不孕持续时间、种族以及男性伴侣的焦虑水平与女性治疗开始时的焦虑相关,而初始焦虑评分、胚胎移植时伴侣的焦虑评分、种族以及诊所位置与女性胚胎移植时的焦虑水平相关;尽管接受IVF的女性比其伴侣焦虑程度略高且原因略有不同,但其自我报告的状态焦虑与临床妊娠的实现无关,在IVF试验中也与从延迟冷冻胚胎移植转换为新鲜胚胎移植无关。

已知信息

IVF治疗的使用持续增加,接受IVF治疗的患者会感到焦虑。参与一项随机分组不确定的随机对照试验(RCT)可能会增加他们的焦虑,而治疗延迟可能会进一步加重焦虑。

研究设计、规模、持续时间:采用混合方法研究,使用2016年至2019年在英国13家诊所进行的多中心E-Freeze RCT队列的数据。对接受IVF试验的夫妇的焦虑评分进行回归分析,并对参与者问卷进行定性分析。

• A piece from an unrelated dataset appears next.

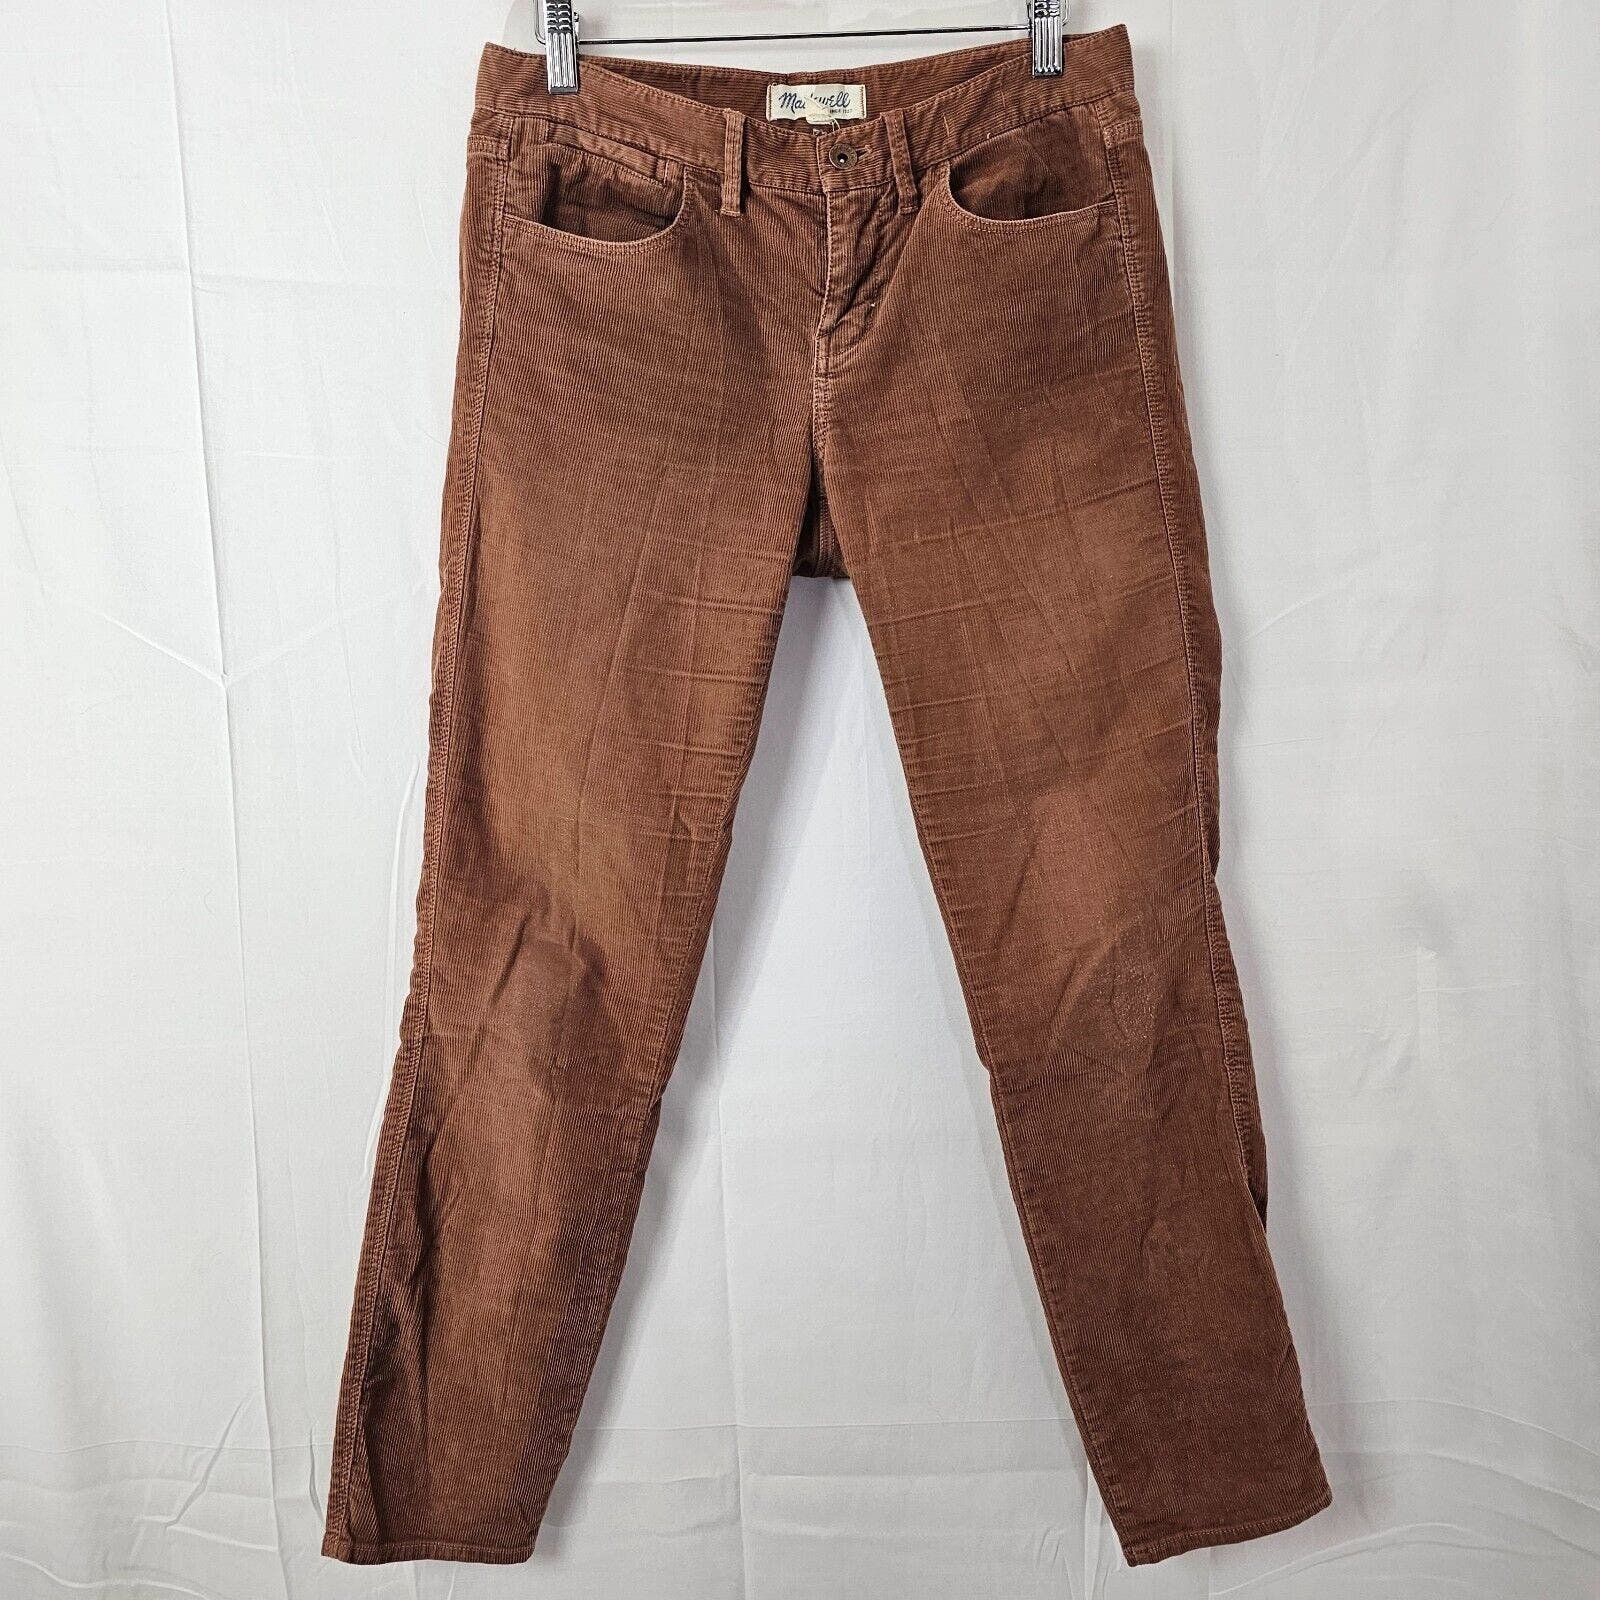 Madewell Pants Womens 27 Brown Corduroy Skinny Jeans Low Rise 98907 Stretch Tan Jj9b2eVKv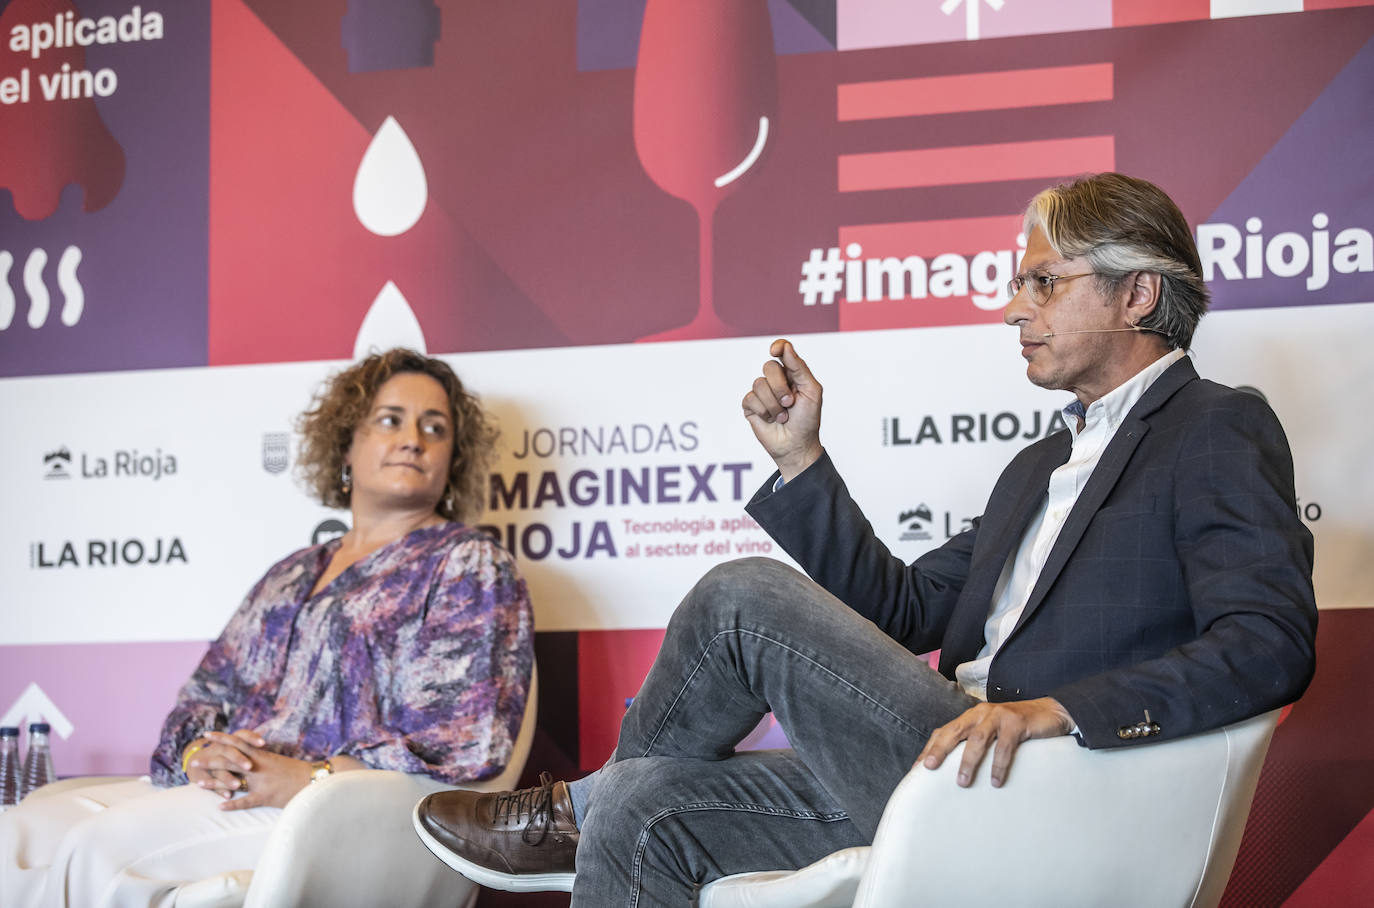 Imaginext Rioja, en imágenes

参与者/材料、设置、方法:纳入参与E-Freeze试验的604对夫妇,其中至少一方伴侣有至少一份可用的状态-特质焦虑量表(STAI)状态焦虑分量表(STAI-S)标准化自我报告问卷。在试验同意时(T1)和胚胎移植时(T2)测量STAI-S评分。使用线性和对数二项回归分别探讨特征与STAI-S评分之间的关联,以及STAI-S评分与不依从和临床妊娠之间的关联。对开放文本问题的回答采用内容分析法进行归纳定性分析。

主要结果及机遇的作用

女性在T1(同意时)的STAI-S评分与其种族、不孕持续时间以及男性伴侣在T1时的STAI-S评分相关。女性在T2(胚胎移植时)的STAI-S评分与其种族、生育诊所位置、同意时的STAI-S评分以及男性伴侣在胚胎移植时的STAI-S评分相关。少数族裔女性与白人女性相比,T2时女性STAI-S评分的调整系数(95%CI)为-4.75(-7.29,-2.20,<0.001);苏格兰女性与英格兰女性相比为-2.87(-4.85,-0.89,=0.005);自身T^1时每增加一分评分为0.47(0.37,0.56^,<0.001);男性伴侣T2时每增加一分评分为0.30(0.21,0.40,<0.001)。平均而言,在两个时间点女性的STAI-S评分均高于男性,且两个时间点之间评分增加幅度更大。然而,女性的STAI-S评分与“全冷冻”试验组中不遵守试验分配无关,也与妊娠几率无关。双方伴侣,尤其是女性,表示对IVF结果感到焦虑,女性还额外担心认为压力大本身可能会影响结果。参与者强调了工作人员的支持在帮助他们管理焦虑方面的重要作用。

局限性、谨慎原因:没有关于教育水平或社会支持的数据,这可能会影响焦虑评分。未收集男性的基线特征。

研究结果的更广泛影响

在生育治疗开始时使用标准化焦虑测量方法,可能有助于识别情绪困扰风险增加的夫妇。可以让女性放心,她们自我报告的状态焦虑不会影响通过IVF实现临床妊娠的几率,这可能有助于降低焦虑水平。以患者为中心的护理可以支持接受IVF的夫妇的心理健康和体验:以易于理解的形式向双方伴侣提供有关治疗全过程和选择的信息;确保与工作人员的互动友善且有支持性;承认并解决接受IVF的女性及其伴侣的不同担忧。

研究资金/利益冲突:本研究由英国国家卫生与保健研究院卫生技术评估(NIHR HTA)资助。无利益冲突声明。